Question

In the figure shown, ABCDEFA is a square loop of side l, but is folded in two equal parts so that half of it lies in xz-plane and the other half lies in the yz-plane. The origin O is center of the frame also. The loop carries current i.
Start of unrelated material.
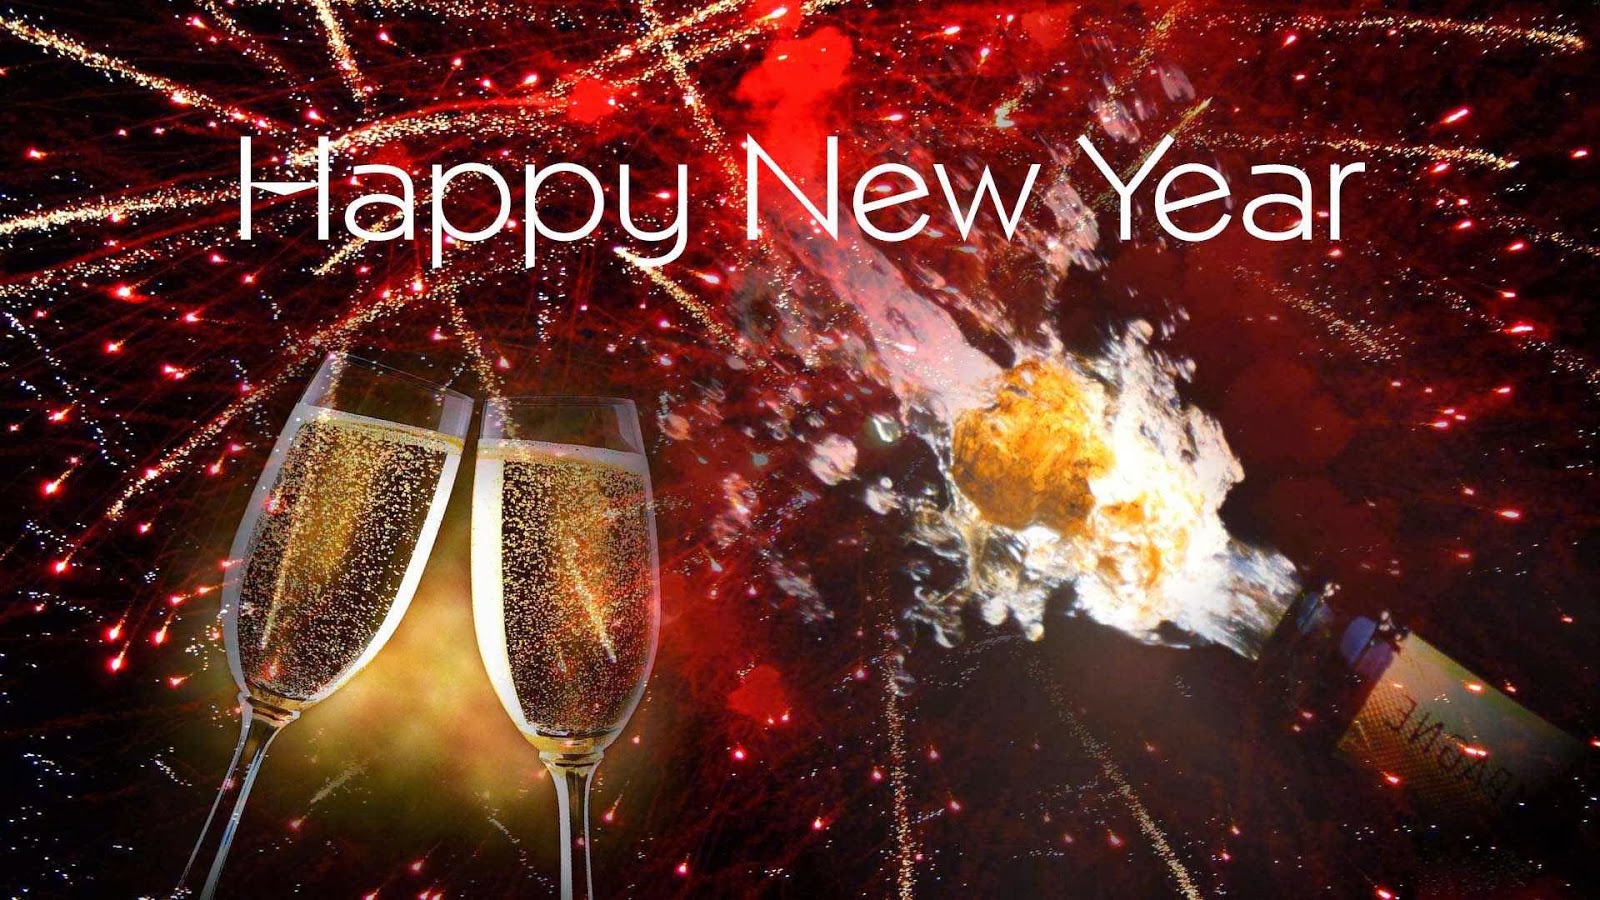 ... new year wallpapers download and full hd happy new year wallpapers

The magnetic field at the center is

Answer 1

Magnetic field due to AB:

${\overrightarrow{B}}_{AB}=\frac{{\mu }_{0}i}{4\pi \left(\frac{l}{2}\right)}(sin{45}^0+sin{45}^0)\hat{j}$

$\Rightarrow {\overrightarrow{B}}_{AB}=\sqrt{2}\frac{{\mu }_{0}i}{2\pi l}\hat{j}$

Magnitude field due to BC:

${\overrightarrow{B}}_{BC}=\frac{{\mu }_{0}i}{4\pi \left(\frac{l}{2}\right)}(sin{45}^0+sin{45}^0)\hat{j}=\frac{{\mu }_{0}i}{\sqrt{2}2\pi l}\hat{j}$

Similarly, magnetic field due to FA

${\overrightarrow{B}}_{FA}=\frac{{\mu }_{0}i}{2\sqrt{2}\pi l}\hat{j}$
Hence,

${\overrightarrow{B}}_{FABC}={\overrightarrow{B}}_{FA}=+{\overrightarrow{B}}_{AB}+{\overrightarrow{B}}_{BC}$

$\Rightarrow {\overrightarrow{B}}_{FABC}=\frac{{\mu }_{0}i}{\pi l}[\frac{1}{2\sqrt{2}}+\frac{1}{2\sqrt{2}}+\frac{\sqrt{2}}{2}]\hat{j}$

$\Rightarrow {\overrightarrow{B}}_{FABC}=\frac{\sqrt{2}{\mu }_{0}i}{\pi l}\left(\hat{j}\right)$

Similarly,
We can find magnetic field due to CDEF

$\Rightarrow {\overrightarrow{B}}_{CDEF}=\frac{\sqrt{2}{\mu }_{0}i}{\pi l}\left(\hat{j}\right)$

Resultant magnetic field,

$\Rightarrow {\overrightarrow{B}}_{net}={\overrightarrow{B}}_{FABC}+{\overrightarrow{B}}_{CDEF}$

$\Rightarrow {\overrightarrow{B}}_{net}=\frac{\sqrt{2}{\mu }_{0}i}{\pi l}(\hat{i}+\hat{j})$

Hence, option (C) is correct.